During an accounting period, a business will generate financial information.
At the period-end, you take this information and prepare an income statement.
The income statement is a report showing how the business performed during the period.
To do this, it shows income, expenses and profit.
At the same time, you prepare a balance sheet
To understand this report, it helps to see how it is formed.
How a Balance Sheet is Formed
When starting a business, the business owner may invest some of their own capital.
The business owner would deposit this money in the business’s bank account.
At the same time, the business owner may borrow money from a friend or relative.
The business owner would deposit this money in the bank, as well.
You could create a balance sheet, right here.
A balance sheet shows a business’s assets, liabilities, and equity.
It is usually prepared at period-end, but it can be prepared at any time,
No matter when it is prepared, it will provide a snap shot of what the business owns and what it owes at that point in time.
This is how you track changes in what the business owns or what is owed to it
It also allows you track changes in what is owed to others
This helps you keep track of how much money is now owed to the owner
Assets include cash, things owned, and money owed to the business.
This is the first thing to be shown on a balance sheet.
Cash held at the bank is known as a current asset.
Current assets are either cash or things that can be turned into cash with the coming year.
The balance sheet also shows liabilities.
Liabilities show money owed to others, for loans and so on.
On the balance sheet, they are shown in the liabilities & equity section
If the loan is a long term loan, you list it as a noncurrent liability.
Noncurrent liabilities are expected to be repaid in a year or more.
The balance sheet also shows equity.
Equity is the difference between assets & liabilities.
It shows how much money the business owes to its owners or shareholders
Theoretically, the business could cash out its assets.
Then it could use this money to pay back any loans etc.
Any money left over would belong to the owner.
Equity is shown in the equity area of the balance sheet.
You list any capital injections under owner’s capital.
If updated correctly, the balance sheet should balance.
You test for this with the formula Assets = Liabilities + Equity
First, you add up the asset side of the balance sheet.
Then you add up the liabilities & equity side.
If correct, the two sides will be equal.
After this, the business owner may use some of the cash to buy equipment.

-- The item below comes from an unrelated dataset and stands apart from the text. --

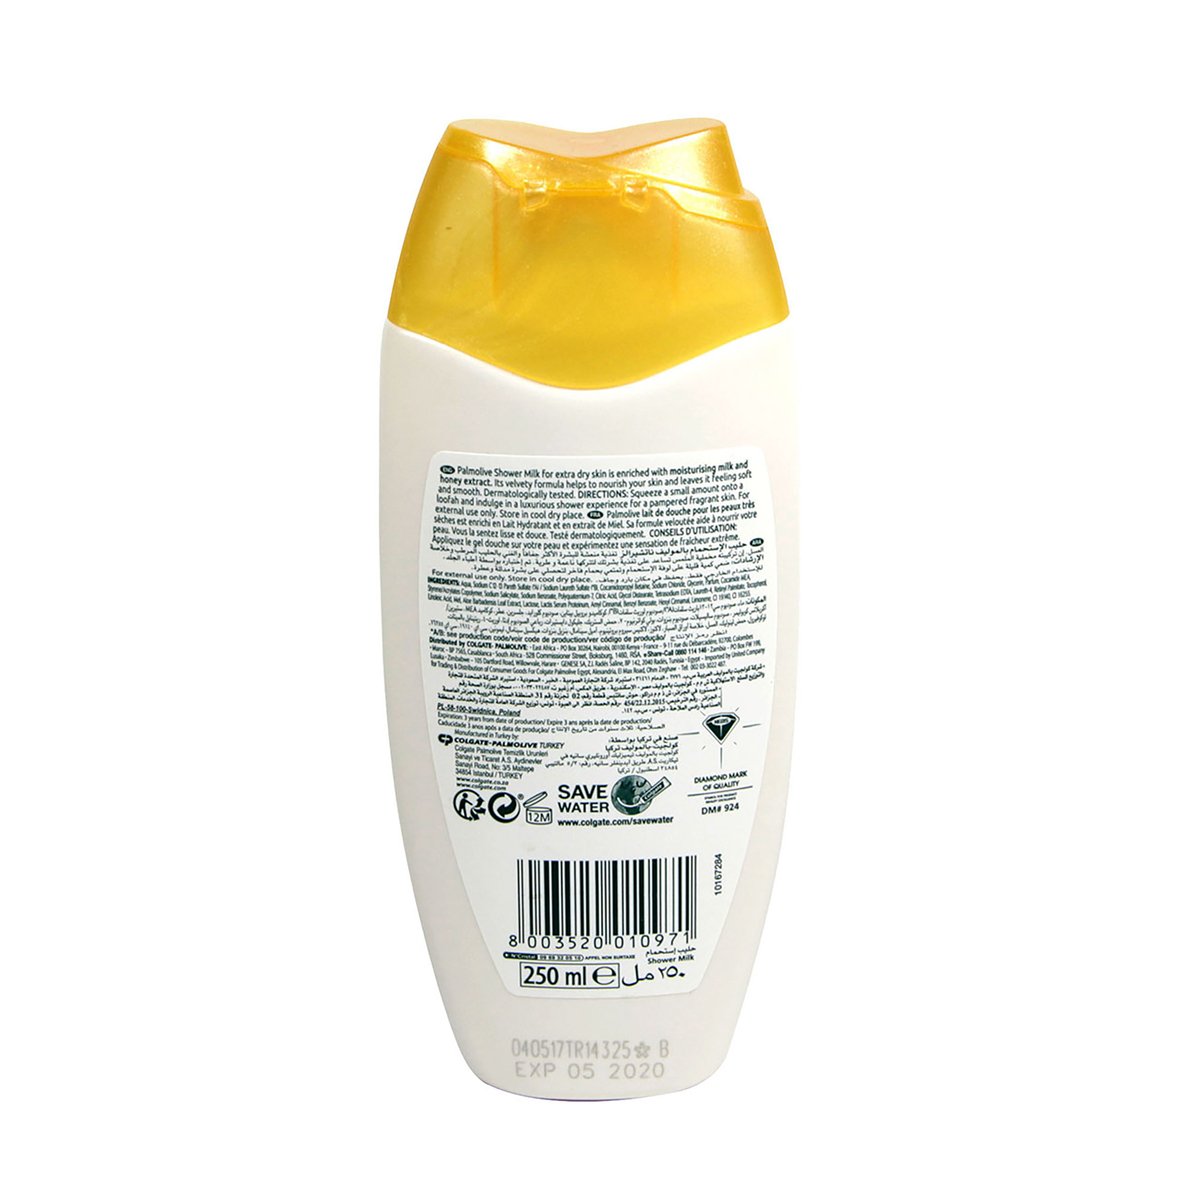 Palmolive Naturals Shower Gel Honey & Milk 250ml

Once again, you could prepare a balance sheet.
In this case, you would list the equipment as a noncurrent asset.
This is because you expect the equipment to last longer than a year
Next, the business may buy goods to sell
If purchased on credit, the goods would come from a supplier.
The business may then sell some of these goods.
If sold on credit, you record the sale in the customer’s account.
At this point, you could prepare yet another balance sheet.
Suppliers are known collectively as accounts payable
You list accounts payable under current liabilities.
Customers are know as accounts receivable.
You list accounts receivable as a current asset.
After this, the business will add more sales & expenses for the period.
At period-end, you prepare an income statement.
The income statement shows net income or profit for the period.
This profit is transferred to retained earnings via income summary.
Retained earnings are shown in the equity section of the balance sheet.
If calculated profit is correct, assets will equal liabilities + equity
This means the balance sheet will balance.